------ DATA EXTRACT

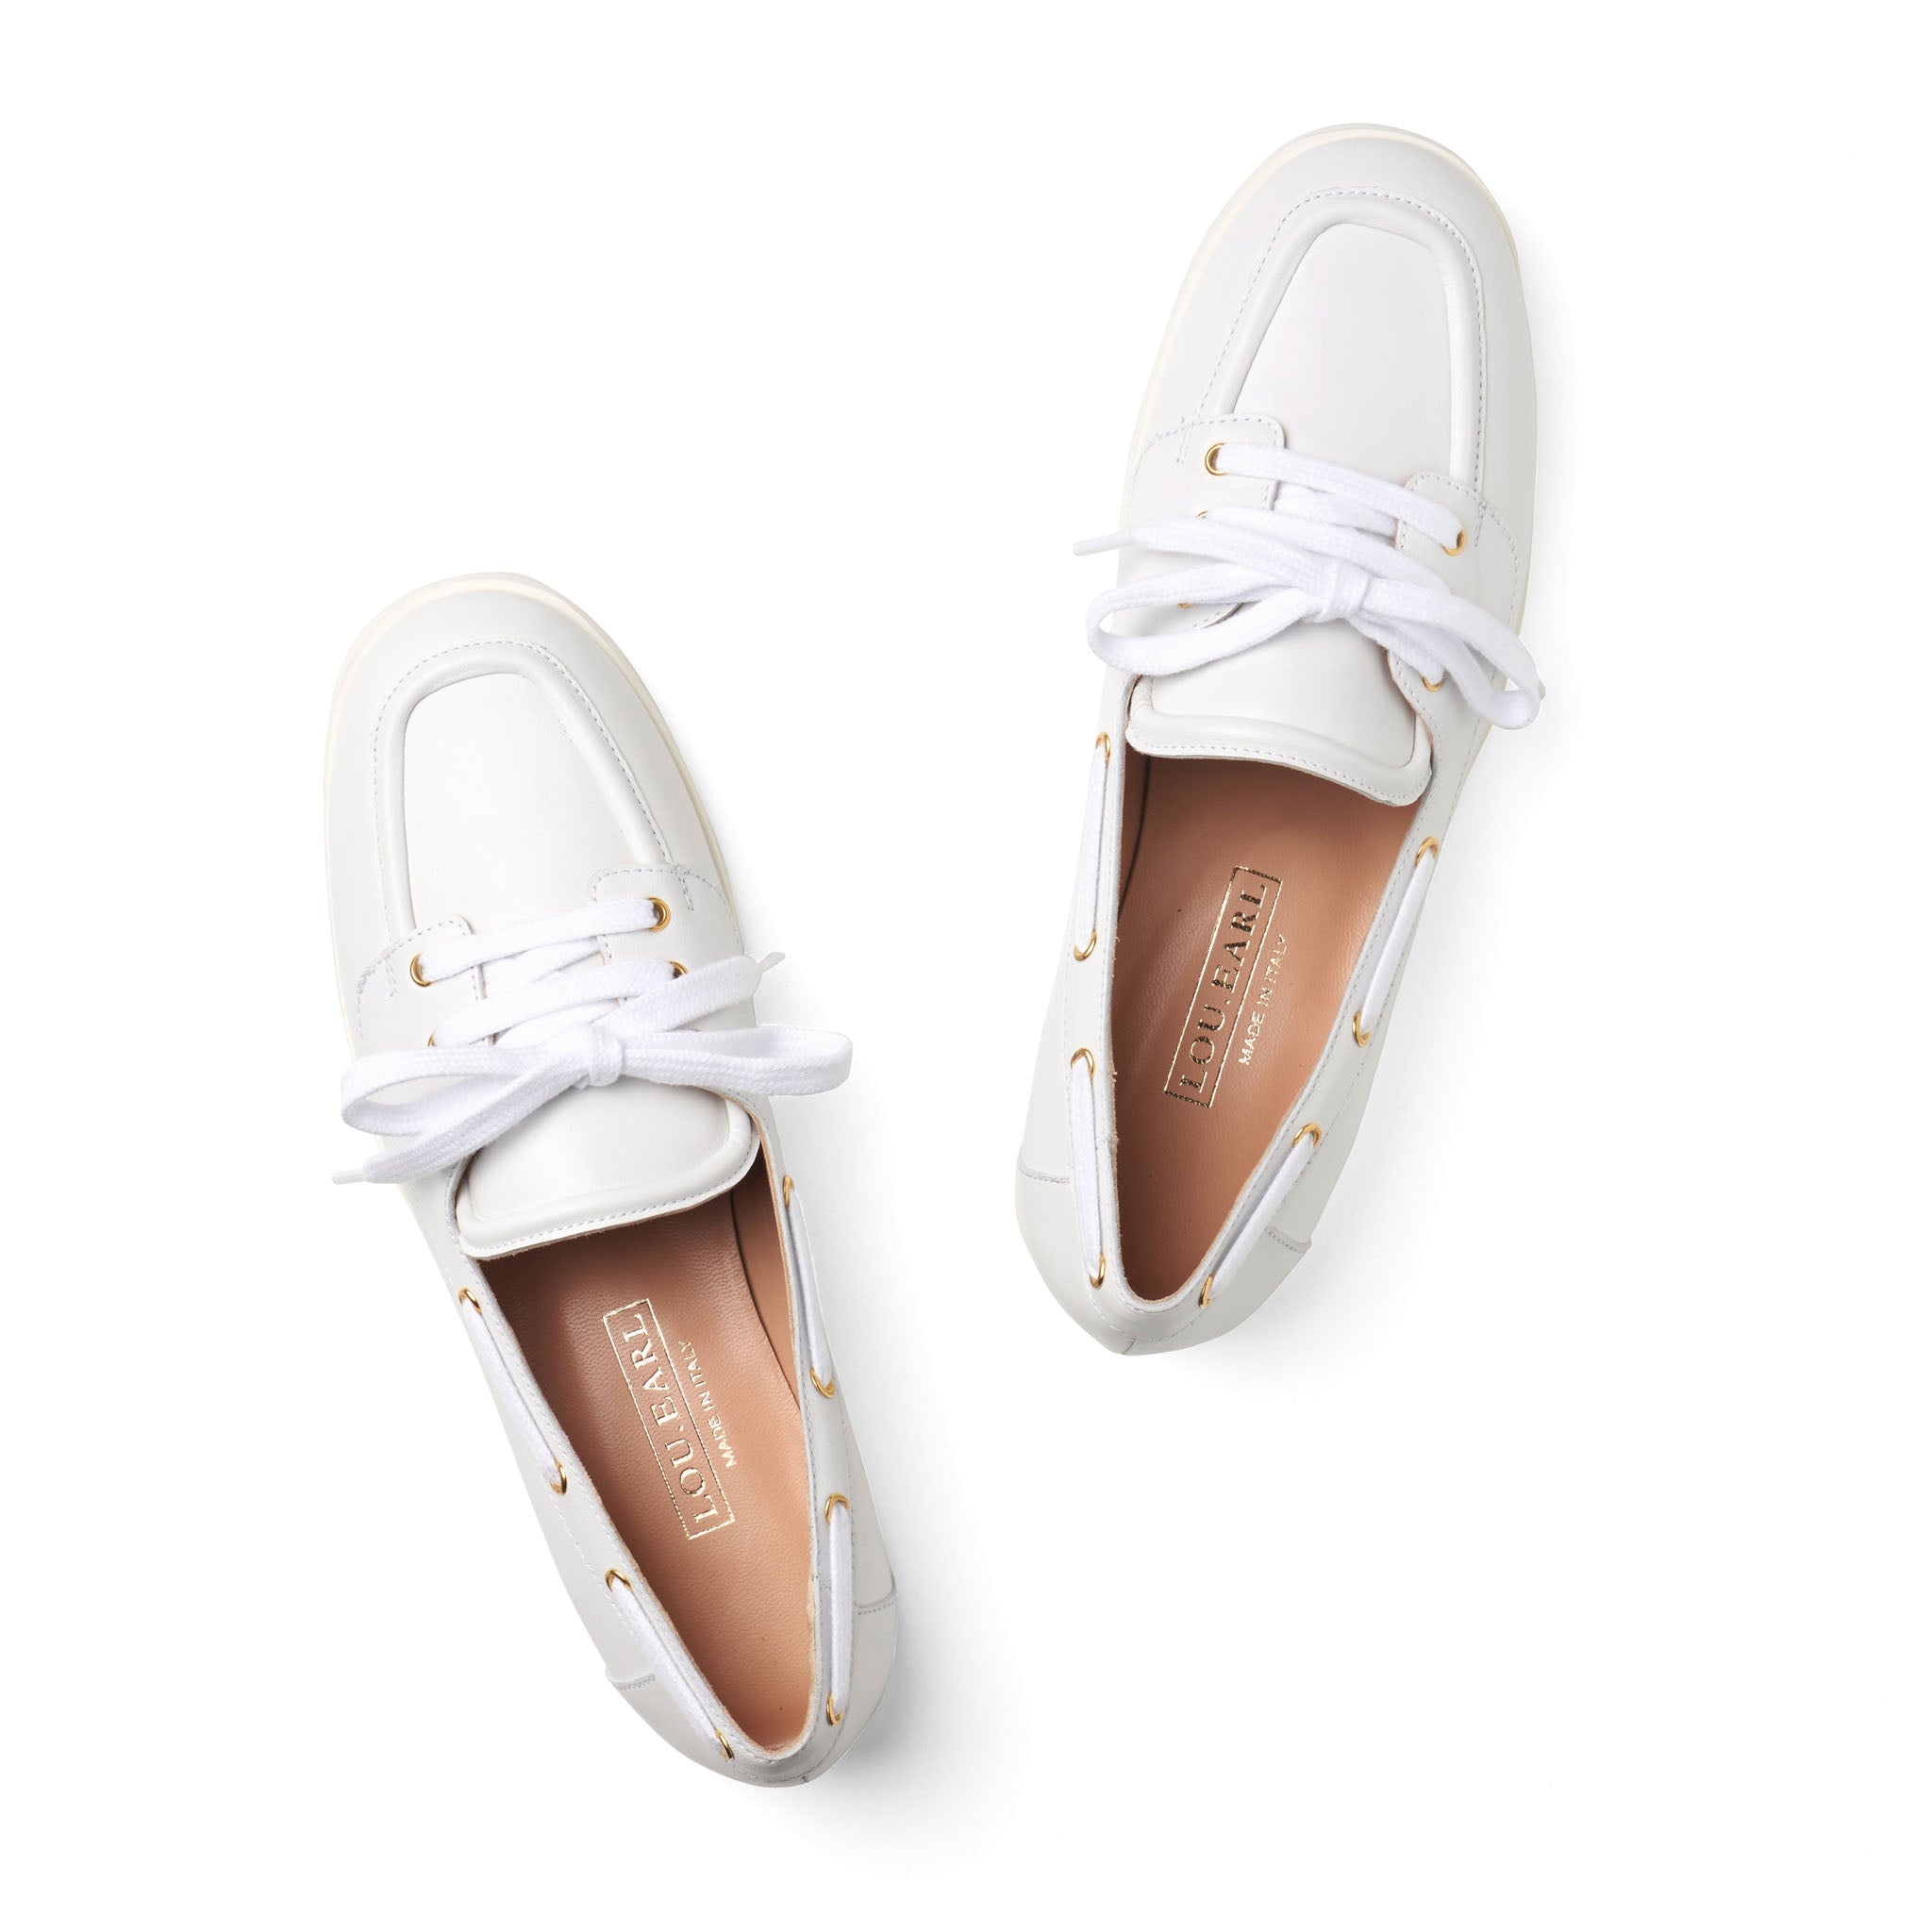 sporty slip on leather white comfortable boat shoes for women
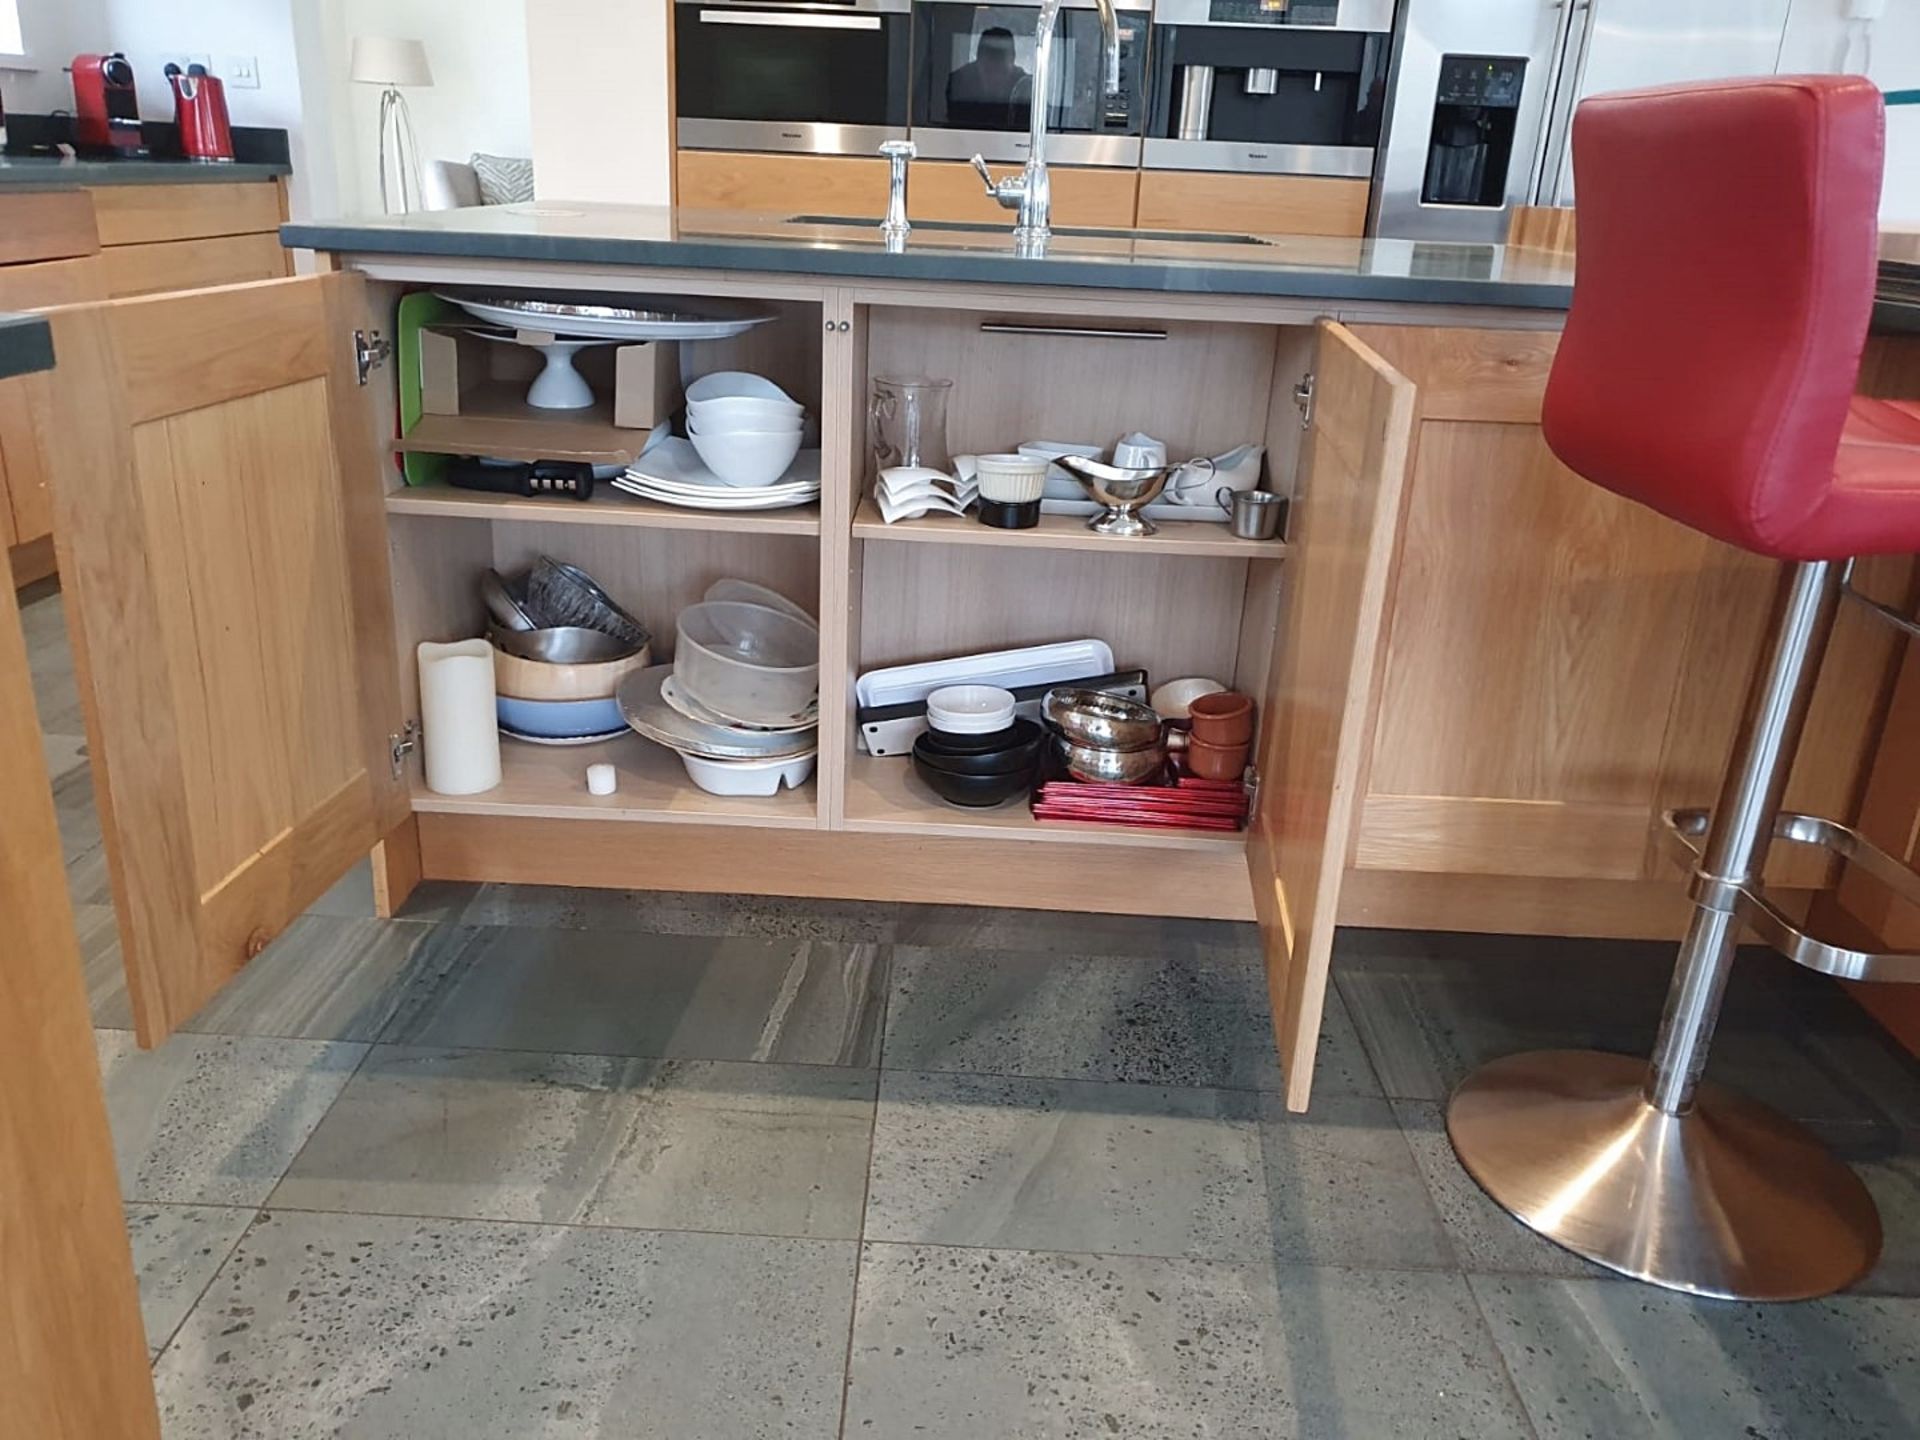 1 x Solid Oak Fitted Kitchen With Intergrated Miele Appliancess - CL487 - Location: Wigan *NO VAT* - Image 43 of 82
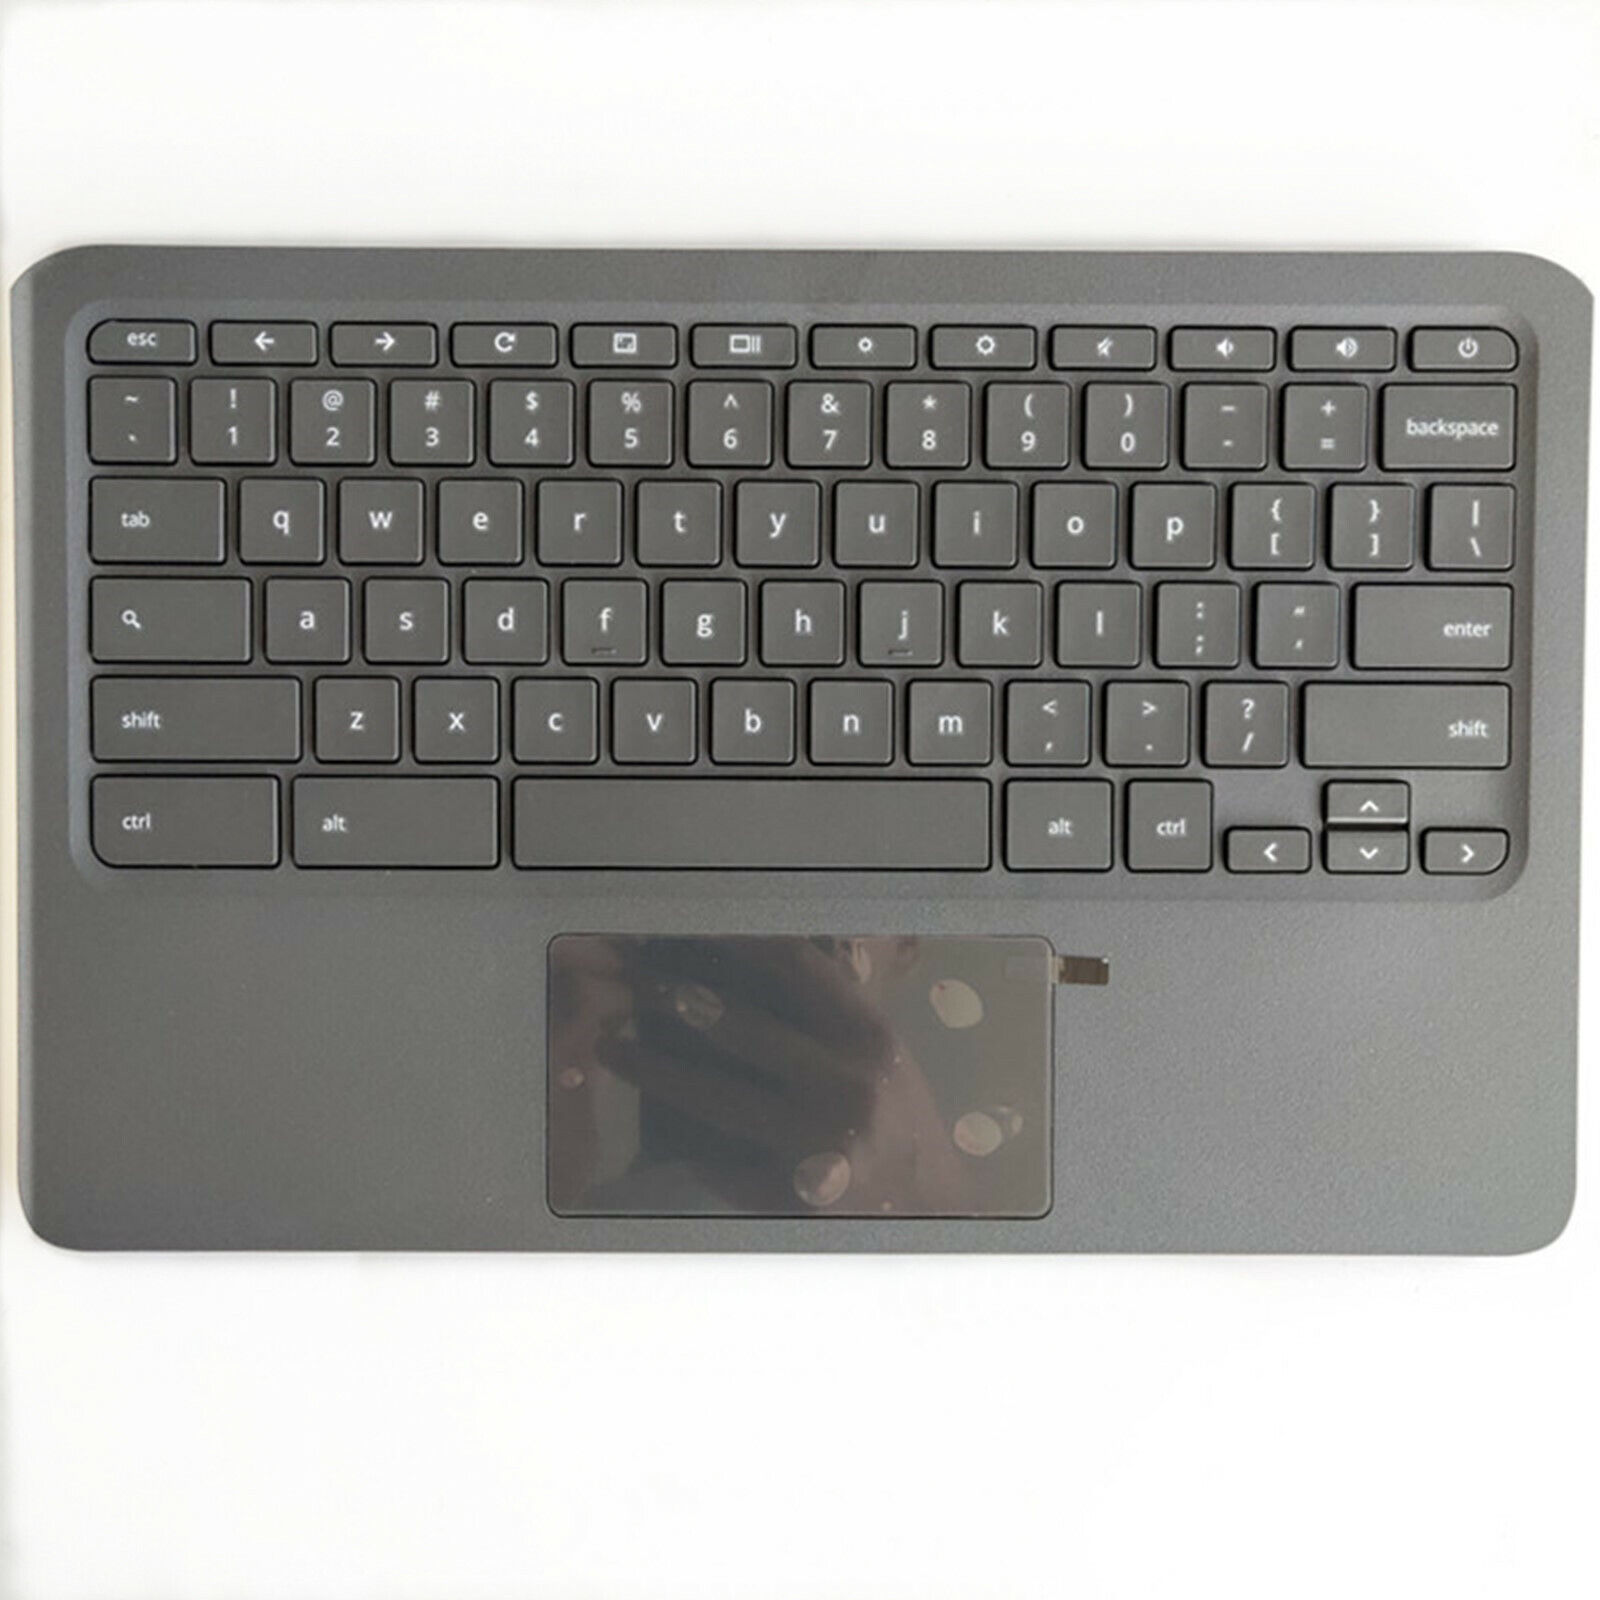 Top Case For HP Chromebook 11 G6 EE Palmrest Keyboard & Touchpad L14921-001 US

------------

TASK TO CARRY OUT.
Write out the listing again word for word, but without its pictures.

ANSWER TO THE PROBLEM.
 sporty slip on leather white comfortable boat shoes for women
 1 x Solid Oak Fitted Kitchen With Intergrated Miele Appliancess - CL487 - Location: Wigan *NO VAT* - Image 43 of 82
 Top Case For HP Chromebook 11 G6 EE Palmrest Keyboard & Touchpad L14921-001 US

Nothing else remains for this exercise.